Personal information
- Full name: Wayne Primmer
- Date of birth: 9 January 1959 (age 66)
- Original team(s): Woomelang
- Height: 175 cm (5 ft 9 in)
- Weight: 65 kg (143 lb)

Playing career^{1}
- Years: Club / Games (Goals)
- 1977–1979: Essendon / 40 (74)
- ^{1} Playing statistics correct to the end of 1979.

= Wayne Primmer =

Australian rules footballer

Wayne Primmer (born 9 January 1959) is a former professional Australian rules footballer who played with Essendon in the Victorian Football League (VFL) and West Torrens in the South Australian National Football League (SANFL).

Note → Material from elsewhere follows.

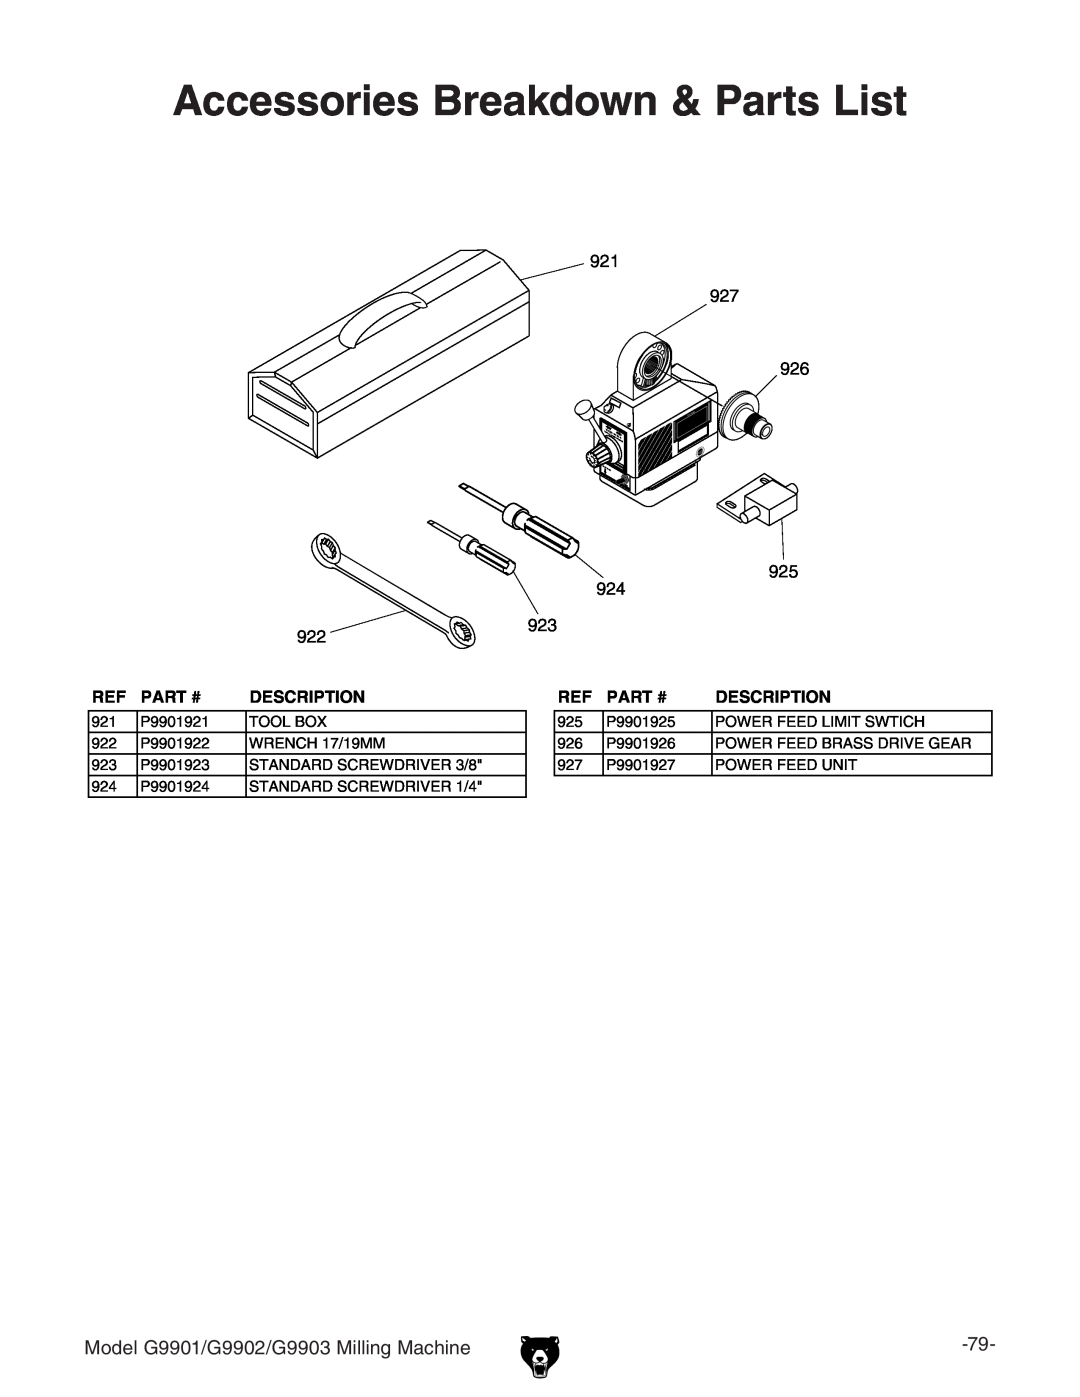 Grizzly manual Accessories Breakdown & Parts List, Model G9901/G9902/G9903 Milling Machine, Part #, Description 
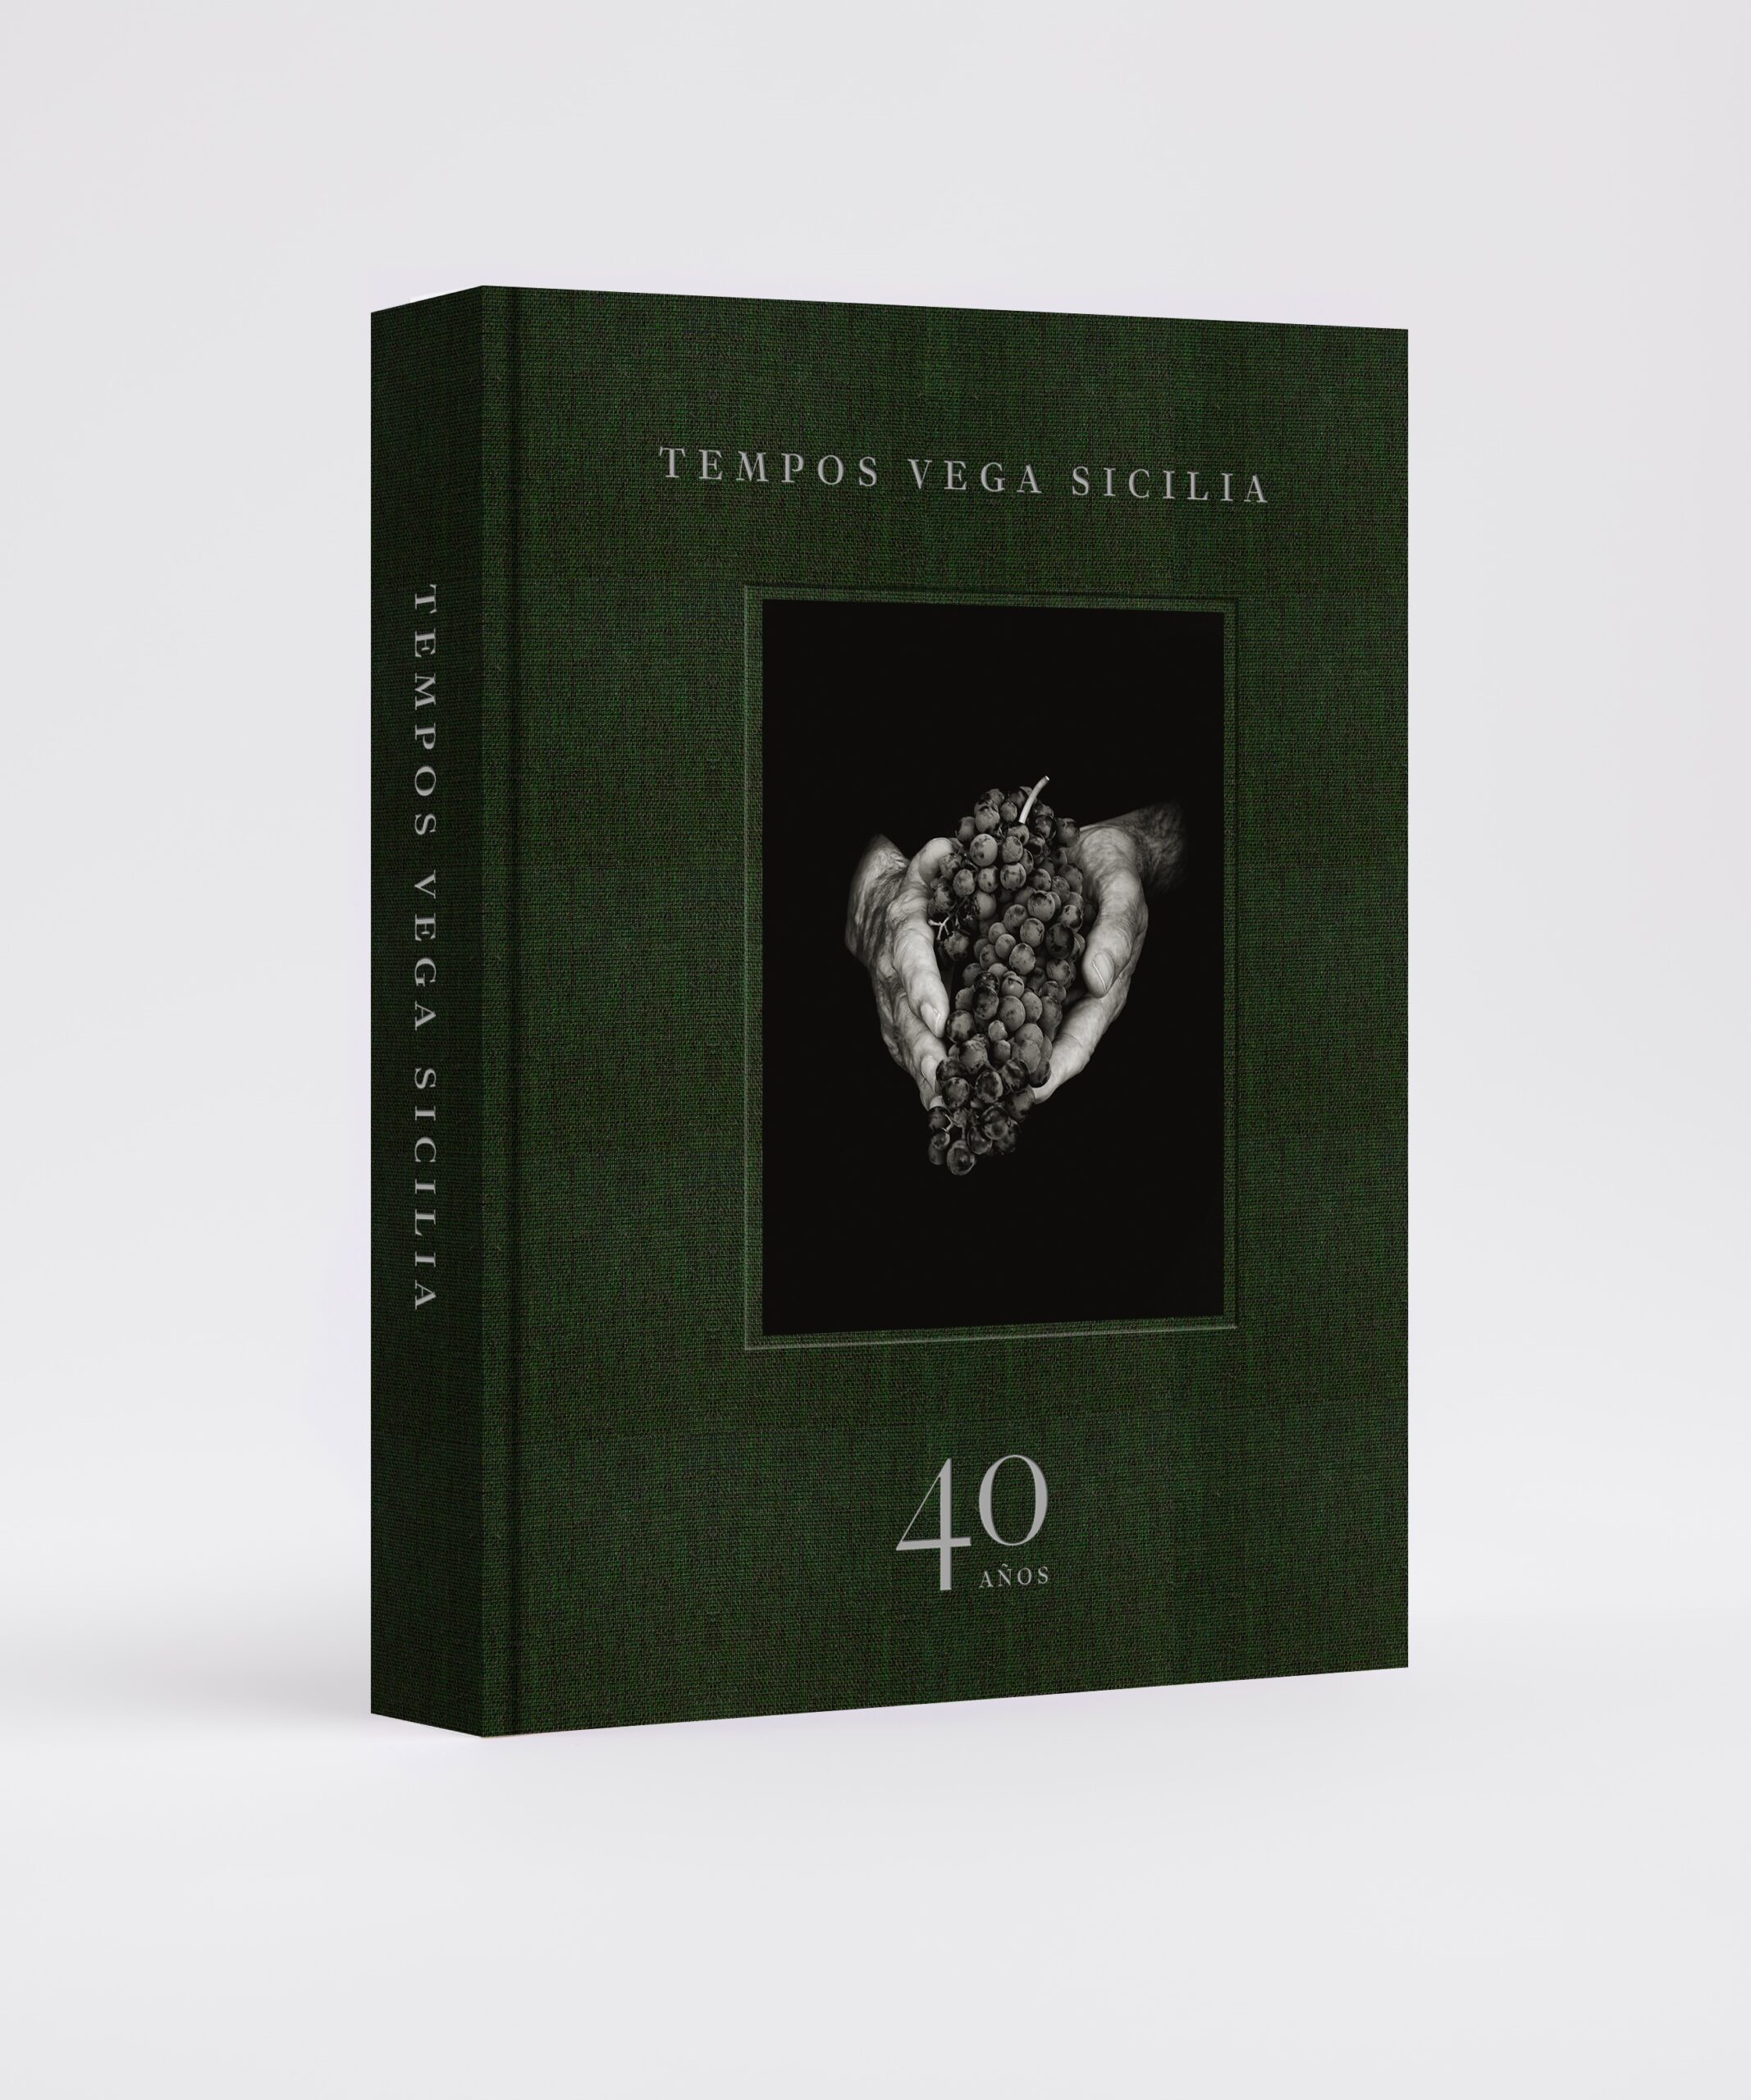 Economía.- La bodega Tempos Vega Sicilia presenta un libro por sus 40 años, ‘El misterio de Vega Sicilia’

Recruited from Woomelang, Primmer was a rover and had a particularly strong season in 1978, where he kicked 24 goals in his first six appearances that year, with seven goal hauls against South Melbourne, Carlton and Richmond. By the end of the season he had amassed 47 goals, which were enough to top Essendon's goal-kicking.

Primmer transferred to SANFL club West Torrens for the 1980 season, then to Mid-Murray Football League club Lalbert, in 1981 and 1982, the first as captain-coach. In 1983 he joined Hamilton as captain-coach and from 1984 to 1987 he played with Benalla, captain-coaching them in every year except 1986.

Primmer then coached Benalla All Blacks Football Club from 1992 to 1994.

Primmer coached Greta Football Club in the Ovens and King Football League from 2005 to 2007, then later coached Sandhurst in the Bendigo Football League from 2016 to 2018, which included their 2016 premiership!